Operating System - HP-UX
1833323 Members
3370 Online
110051 Solutions
New Discussion

Script needed to handle numbers with wildcards

 
SOLVED
Go to solution

Script needed to handle numbers with wildcards

Hi pals,

I've to write a script which needs to meet the
following requirement:
1. Script called 'Update'
2. will remove the entries of 7 digit numbers
in a file in the following fashion:
"0051", "004", ".....
"0051", "005", ".....
"0359", "001", ".......
"1130", "003", "....
: : : : : : :
: : : : : : :
: : : : : : :
"1140", "203", ".....
2. (interesting requirement) "Update" takes
the number as one of the argument, but the
number input will contain wildcard characters
"?" and "*"; will be in the following fashion:
0051* : This must match all 0051001 to 0051999
numbers
00?1001 : This must match 0001001, 0002001,
0003001.... 0009001 numbers
1*001 : This must match 1000001,
1001001,.....1999001 numbers
This is similar to unix filename handling,
with wildcards(metacharacters)....
4. The command line will looklike :
# Update 10?13*

Any perl(HP-UX 11.00 default), sed or awk
script is welcome. Points guaranteed!!!!..

thx
Ravi
13 REPLIES 13
Jdamian
Respected Contributor

Re: Script needed to handle numbers with wildcards

your script should parse the input pattern in order to substitute '?' and '*' chars for their equivalent patterns in 'grep', 'sed', or 'awk' (grep and awk can handle extended regular expressions, sed cannot).

I would convert input pattern to extended regular expressions:

print 00*51? | sed -e 's/\?/[[:digit:]]/p' -e 's/\*/[[:digit:]]+/p'

this will print the pattern to use in 'grep -E' or 'awk':

00[[:digit:]]+51[[:digit:]]

I assume that the meaning of '?' in a input pattern is 'just one numeric char' and the meaning of '*' is 'one or more numeric chars'.

Re: Script needed to handle numbers with wildcards

thanks Damian,
Your assumptions are right.

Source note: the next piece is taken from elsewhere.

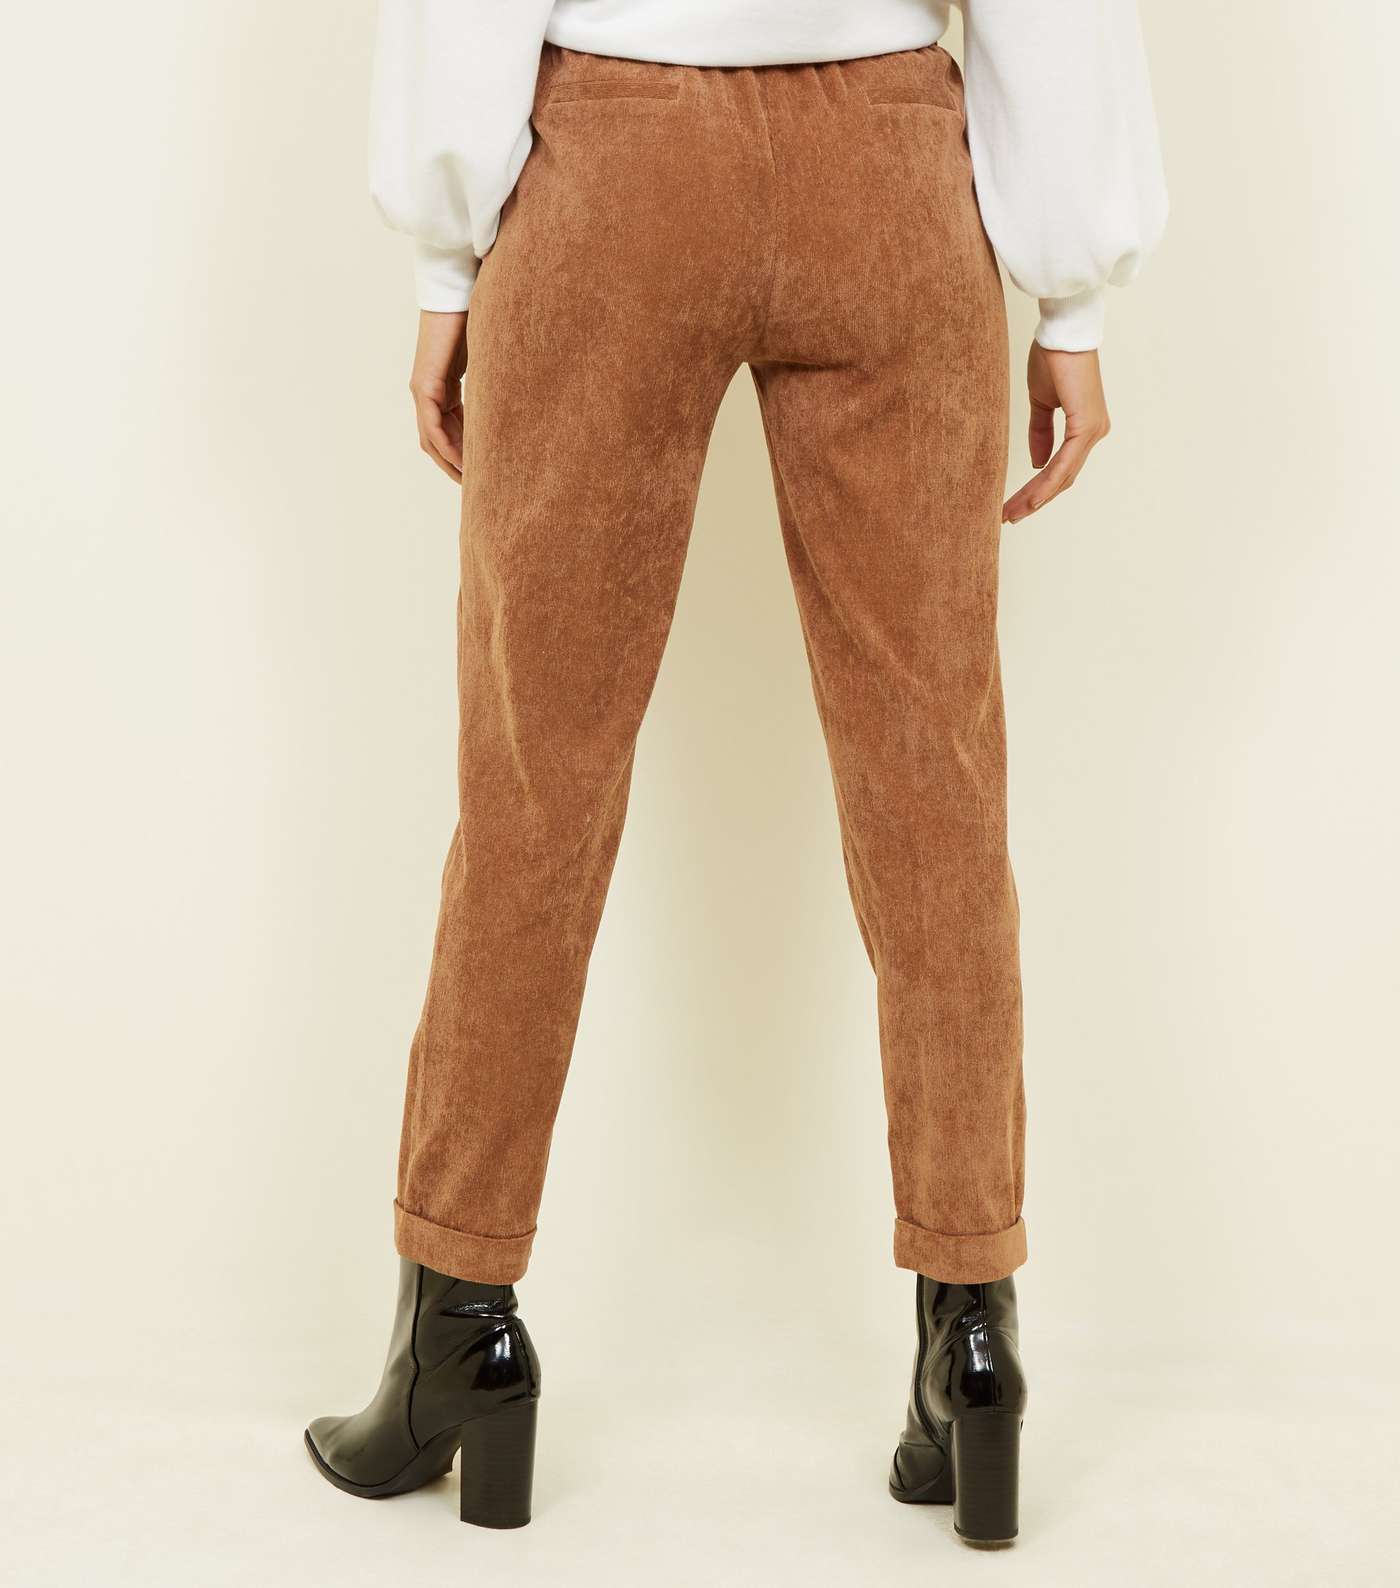 Cameo Rose Tan Mini Corduroy Tapered Trousers Image 3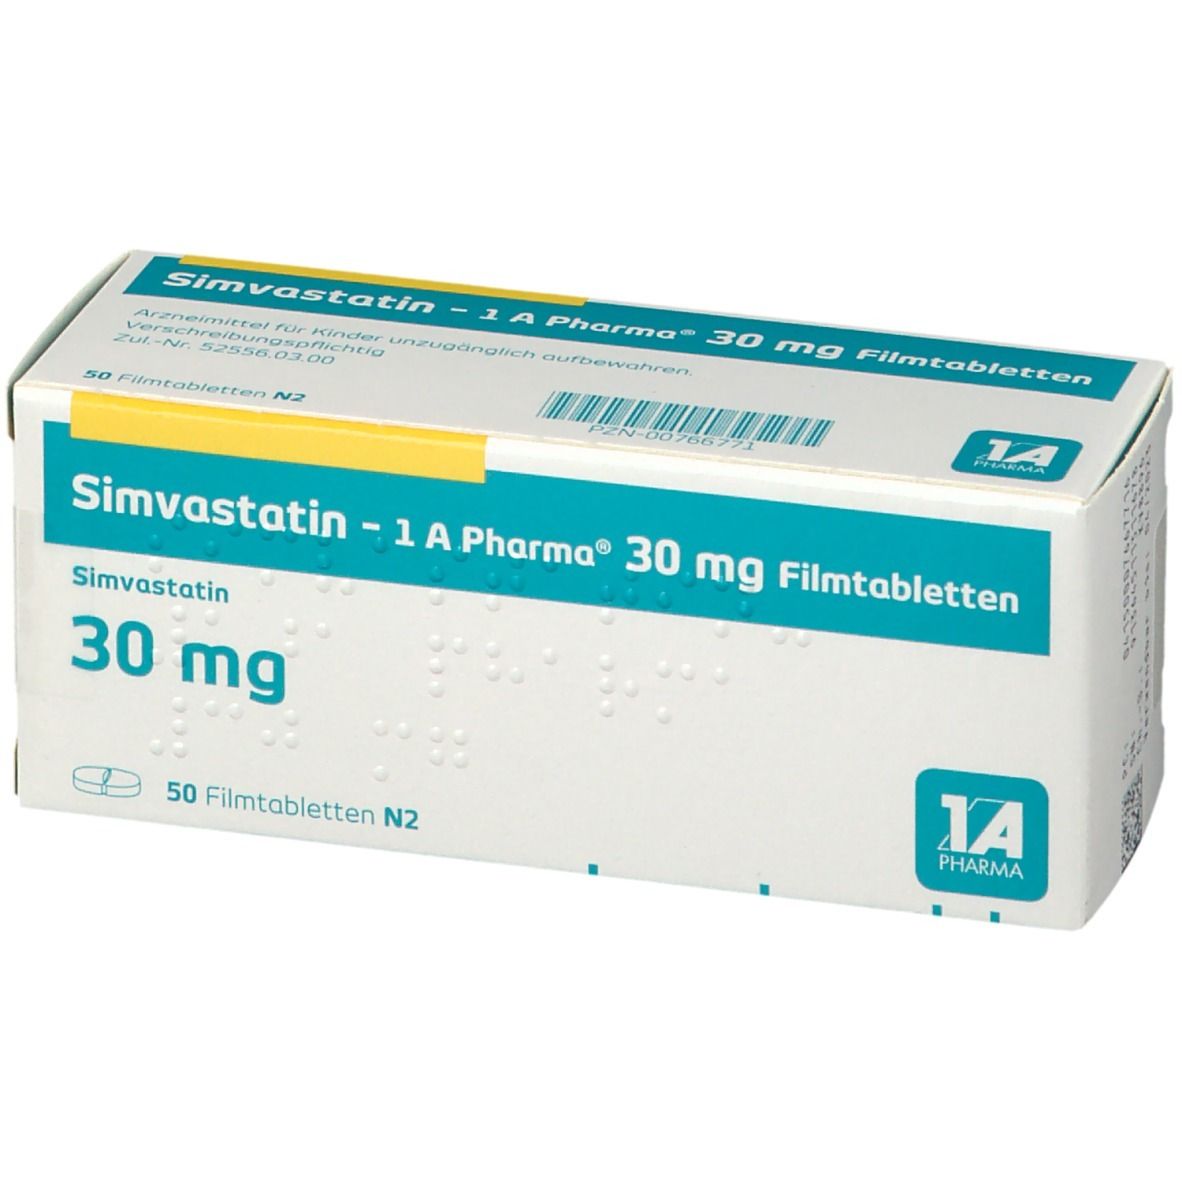 Simvastatin - 1 A Pharma® 30 mg

That * represents
one more digits and ? represents one digit
Your solution works to some extent. The numbers
are of fixed length : 7. And your search can
give me numbers such as :
# cat ii
0000510
0099519
0095119
# grep -E '00[[:digit:]]+51[[:digit:]]' ii
0000510
0099519
0095119

But my for my search string(00*51?), I'm not
expecting "0095119", as this number must be
matched to "00*51??". Also the number size is
fixed to 7 digits only.

Hope my requirement is more clear now.
thanks,
ravi
Jdamian
Respected Contributor
Solution

Re: Script needed to handle numbers with wildcards

You should add the metacharacters used as anchors:
^ as first pattern char
$ as last pattern char

# grep -E '^00[[:digit:]]+51[[:digit:]]$' ii

As in your example, I assume the text file contains just only ONE 7-digits number in each line. If not, the pattern needs to be enhanced.

Francisco J. Soler
Honored Contributor

Re: Script needed to handle numbers with wildcards

Hi,
I need a more detailed explanation, you say that the script will remove the entries of 7 digit numbers, but in the example there aren't any 7 digit entries. The scrip must join two or more entries in the same number or not?

Frank
Linux?. Yes, of course.

Re: Script needed to handle numbers with wildcards

Damian's previous reply almost hit the bull's
eye. May be I'm bit greedy, I need the string
to match exactly(I'm poor in grep/awk/sed/perl)
the one I asked for the first time.

The search string must exactly match the following
patterns:
"0000", "510"
"0099", "519"

Damian, you can earn some more points!!!!

thx
Ravi

Ramkumar Devanathan
Honored Contributor

Re: Script needed to handle numbers with wildcards

Damian,

Since * refers typically to 0 or more occurences of a character, it'd better to replace it with [[:digit:]]* rather than [[:digit:]]+.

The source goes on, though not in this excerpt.